Ech in my opinion - what do you mean by that?


----------



## maxoutfa (May 13, 2007)

rainyday said:


> Maxout, any obstacles you saw that a SSBBW might want to be prepared for? Tiny turnstiles? Lots of stairs? If there's seating, was it armless? Any info appreciated.
> 
> 
> Not that I was really paying attention to such, but I didn't notice any unfriendly obstacles. The stairs between floors are very wide and not steep (and there are elevators as well). No turnstiles that I noticed - in fact the entire place seemed very user friendly - handicap accessable, which usually infers that SSBBW's should experience no tight quarters. I can't comment on the seating as I didn't venture in to either the restaurant or the auditorium, but my guess is that since they did such a nice job elsewhere they would be sensative in these areas as well.
> ...


----------



## rainyday (May 13, 2007)

Forgotten_Futures said:


> My only real pet peeve with this is older, not-in-the-least attractive women trying to wear current young-peoples' fashions. Seeing as there's little that rivets my attention more than a bare midriff... ugh...



Thanks for the info, maxout. I believe the above section is what the comments are referencing.


----------



## maxoutfa (May 13, 2007)

rainyday said:


> Thanks for the info, maxout. I believe the above section is what the comments are referencing.

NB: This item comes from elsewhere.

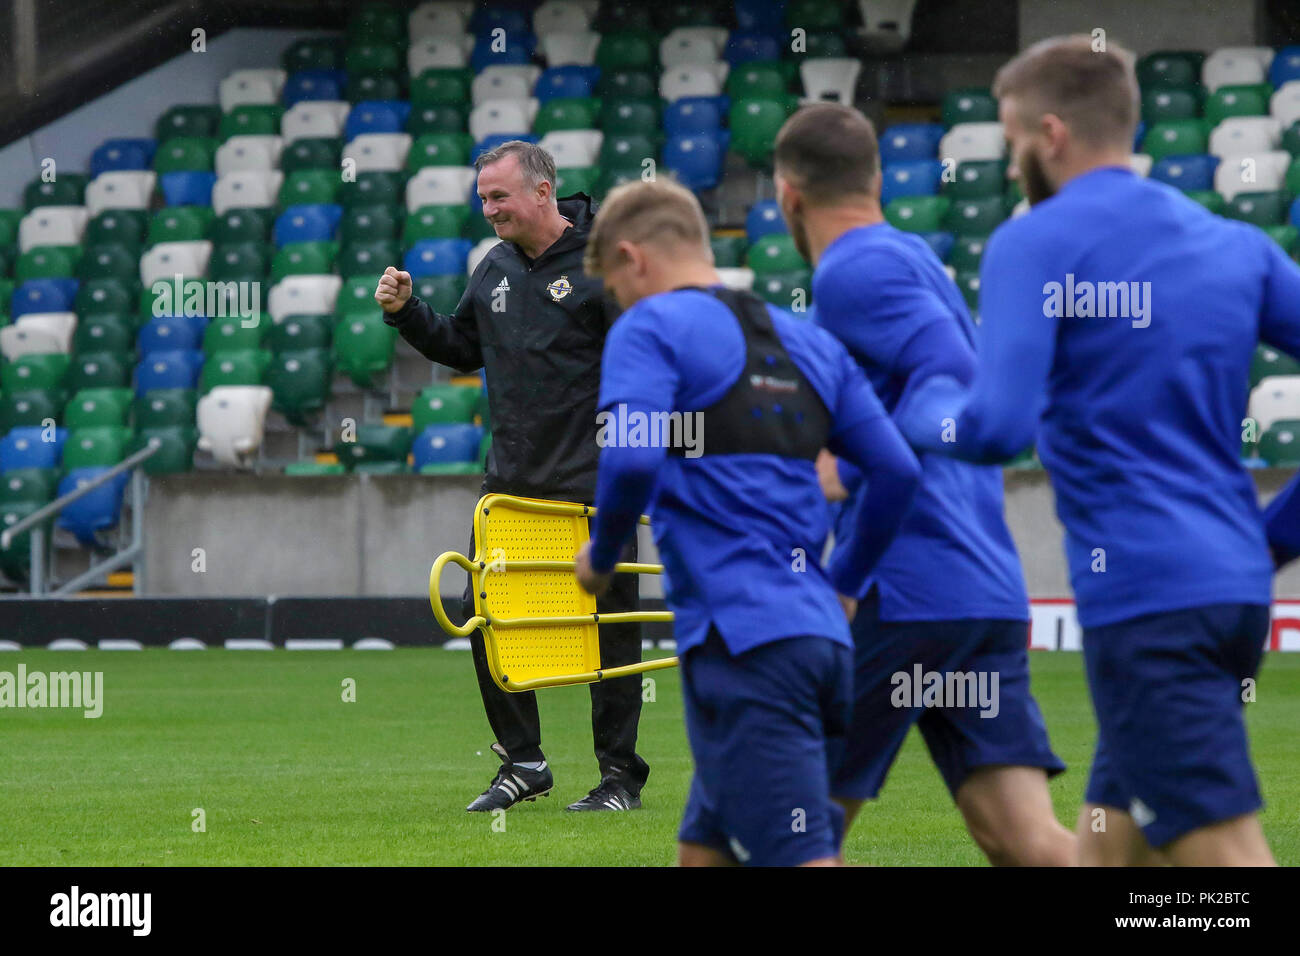 Windsor Park, Belfast, Northern Ireland. 10 September 2018. After Saturday's defeat in the UEFA Nations League, Northern Ireland returned to training this morning at Windsor Park. Tomorrow night they play Israel in a friendly international. Michael O'Neill at this morning's session. Credit: David Hunter/Alamy Live News. Stock Photo

thanks for clearing that up - I thought perhaps I had said something that someone was taking issue with (been down that unfortunate road before). :doh:


----------



## butch (May 13, 2007)

I was just mentioning to a friend the other day that I too have noticed more fat folks out and about on my daily travels in the big city. Maybe it's only because people aren't wearing their winter clothes and coats anymore, or maybe it is because in spring time a (not-so) young fattie's heart yearns for amour and is more observant of the delectable fatties around them, or maybe because it is the tourist high season here and more fat folks are out sightseeing, I don't know, but whatever it is, I must say I enjoy it.


----------



## pani (May 13, 2007)

I realize that you said that it by conventional wisdom and not your own personal standards. However, that is a term we should really think about. At about 220 or so I don't think I need to "lose a few at all." I have never felt better in my life and my body is perfectly normal. Mother Nature intended us to come in different shapes and sizes because the more diverse a species, the better its chance of survival. I think we need to get past the idea there is one weight or size people "should" be. The reality is that we are supposed to be a range. I am not trying to be argumentative, I just think sometimes language has the power to shape perceptions. When we use that saying it implies that is a right and wrong body size. It can even be a hot button for some. Of course, many people in my life have said that to me personally. And have regretted it almost immediately!!!!
p.s. I used to live in Monterey. A beautiful town, but under the surface full of very strange people. Some nice, but many extremely strange.


----------



## Waxwing (May 13, 2007)

Yeah I hate it when ugly people go out in public. ugh.  

I've noticed that there are more people who are on the larger side here in Massachusetts than there were in San Francisco. It's nice to see more diversity in body type, actually. 

And good god how I miss the Aquarium in Monterey.

and how is this


> "My only real pet peeve with this is older, not-in-the-least attractive women trying to wear current young-peoples' fashions."


any different from saying 'that fat girl has no business wearing that'?


----------



## maxoutfa (May 14, 2007)

pani said:


> I realize that you said that it by conventional wisdom and not your own personal standards. However, that is a term we should really think about. At about 220 or so I don't think I need to "lose a few at all." I have never felt better in my life and my body is perfectly normal. Mother Nature intended us to come in different shapes and sizes because the more diverse a species, the better its chance of survival. I think we need to get past the idea there is one weight or size people "should" be. The reality is that we are supposed to be a range. I am not trying to be argumentative, I just think sometimes language has the power to shape perceptions. When we use that saying it implies that is a right and wrong body size. It can even be a hot button for some. Of course, many people in my life have said that to me personally. And have regretted it almost immediately!!!!
> p.s. I used to live in Monterey. A beautiful town, but under the surface full of very strange people. Some nice, but many extremely strange.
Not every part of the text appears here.